The garrison would be allowed to march out with all the honours of war, i.e. "…with their arms loaded, matches lighted, colours flying, and drums beating", and safely convoyed to the Royalist stronghold of Scarborough.

Private goods belonging to the occupants of the castle, including those of the Duchess of Buckingham, were not to be plundered.

Prisoners taken by both sides were to be set at liberty.

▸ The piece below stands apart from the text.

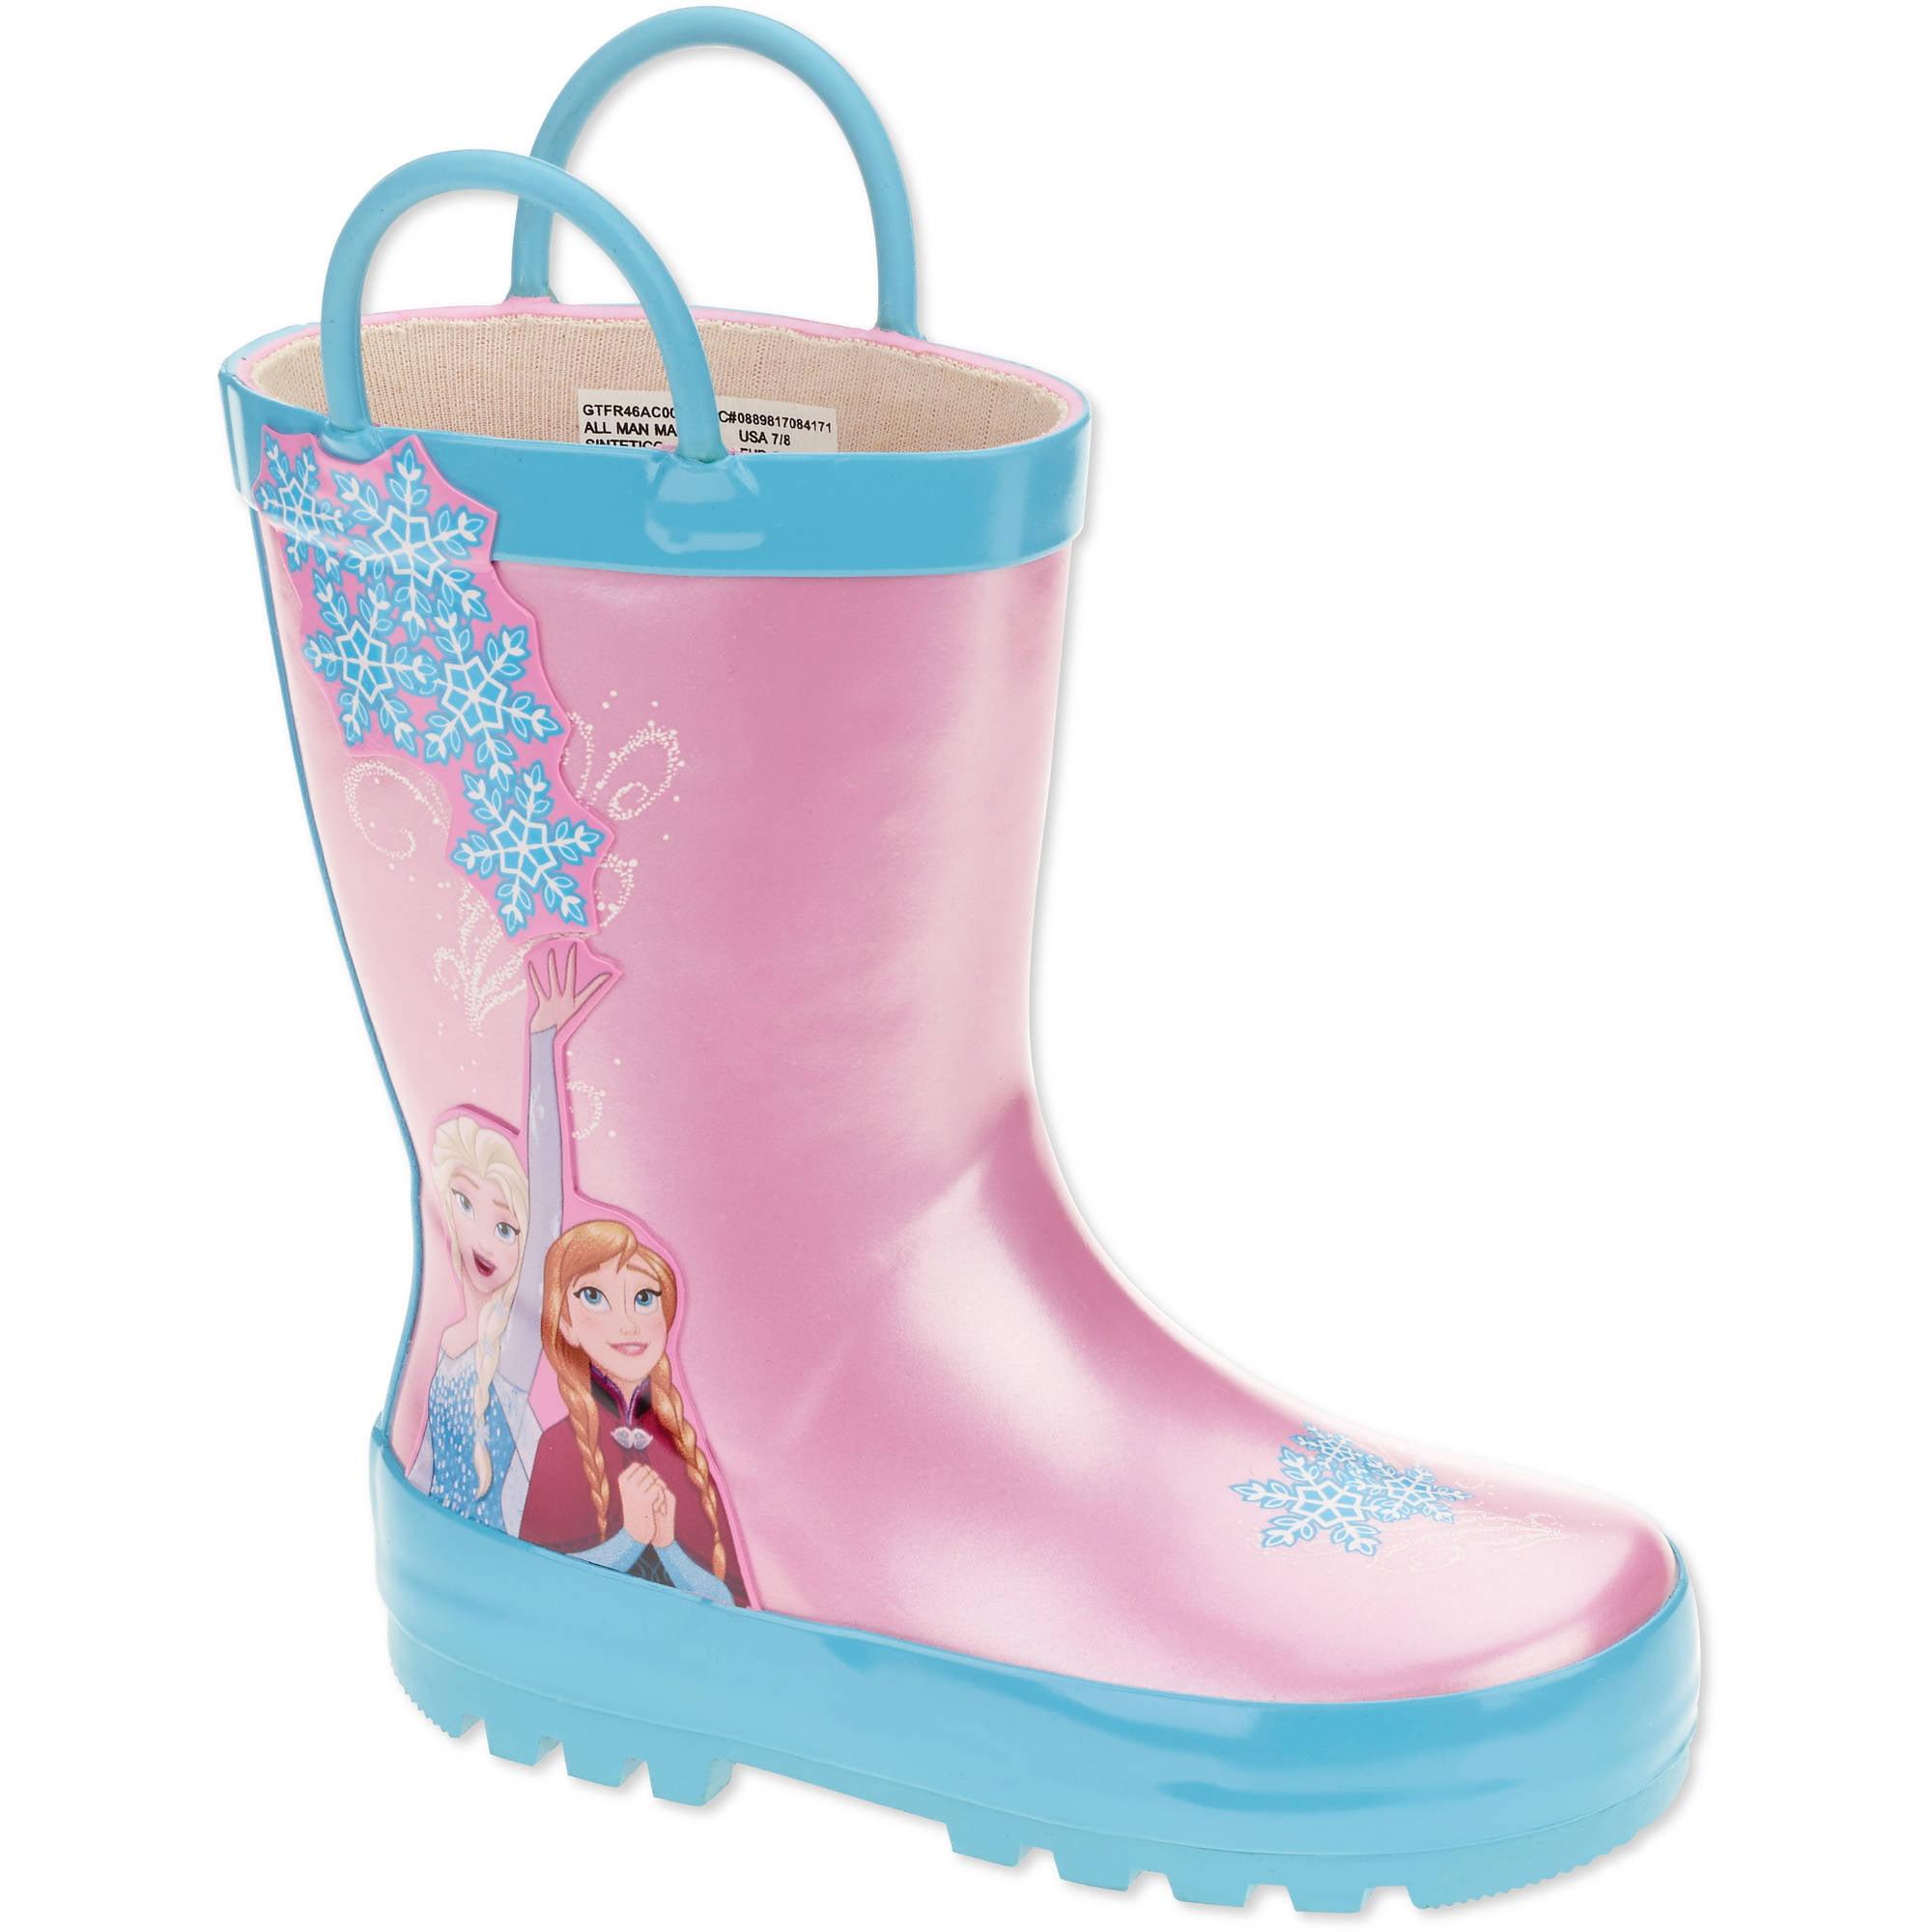 Toddler Rain Boot - Walmart

Crossland also stipulated "That the Castle of Helmesley was to be absolutely demolished, and that no garrison hereafter be kept there by either party." It was unusual for the garrison of a besieged castle to insist on its demolition as part of the terms of surrender; this was normally a demand of the besieging force. Crossland presumably wanted to ensure the castle could not be held against the Royalists in the future.

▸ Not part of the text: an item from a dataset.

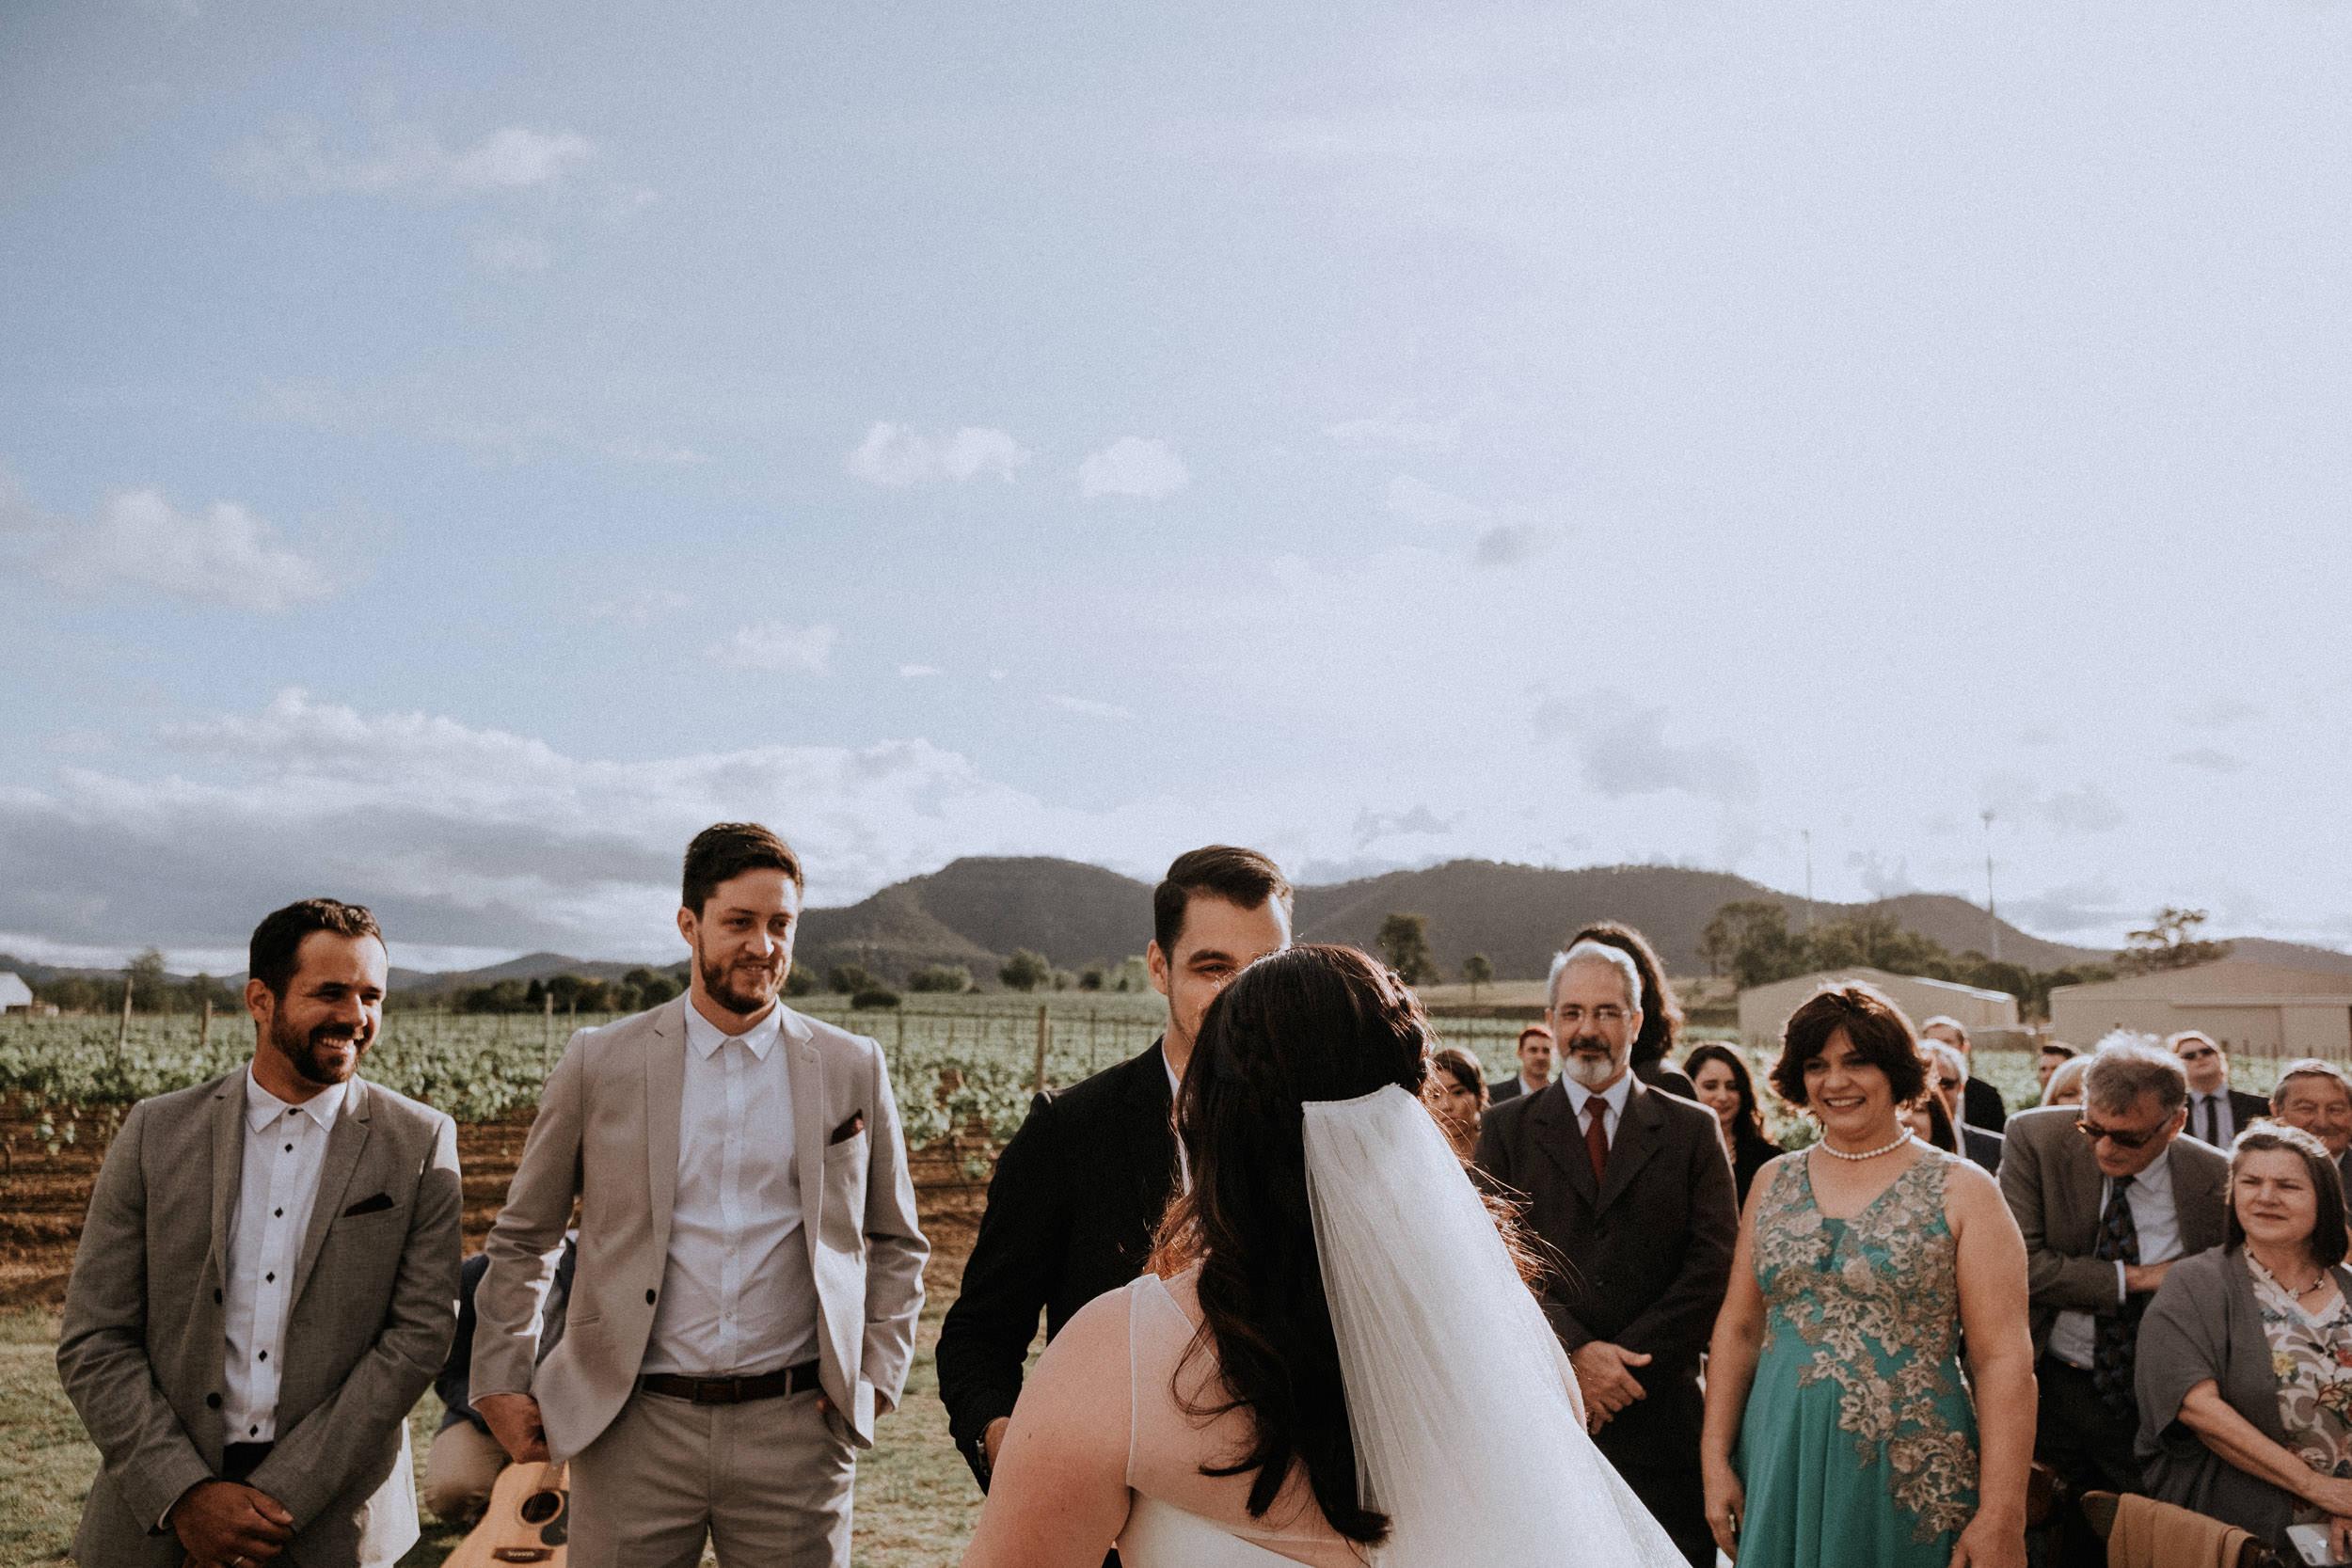 s+j_top_elopement wedding photography_kings & thieves_blog - 218.jpg

The last article stipulated that both sides would wait until 16 November to see if the garrison would be relieved by Prince Rupert, failing which the articles would be implemented.

==The relief attempt==
By this time a relief attempt was in the offing, though it is uncertain whether Crossland was aware of this when he proposed his articles. On 4 November, Sir John Mallory, commander of the Royalist garrison at Skipton Castle, sent a troop of horse to join up with a force from Knaresborough Castle and attempt the relief of Helmsley. On 12 November this force took the besiegers by surprise and scattered them, at least initially. However, the respite was only temporary as the Parliamentarians quickly rallied and drove off the relieving force inflicting a heavy loss in killed and captured. The parliamentary journal A Perfect Diurnal, gives the names of 9 officers and 44 men captured by the Parliamentarians in this action.

==The castle surrenders==
The failure of the relief attempt left the garrison with no choice but to surrender. The terms originally proposed by Crossland on 6 November were now accepted by Colonel Francis Lascelles on behalf of Lord Fairfax. and on 22 November 1644, Crossland with his 100 remaining men quit the castle and marched off to join Sir Hugh Cholmley's force at Scarborough. On taking possession of the castle, the Parliamentarians acquired nine artillery pieces, 300 muskets and pikes and six barrels of gunpowder.

The Parliamentarians subsequently rendered the castle indefensible by demolishing sections of the curtain wall and blowing down the eastern wall of the keep.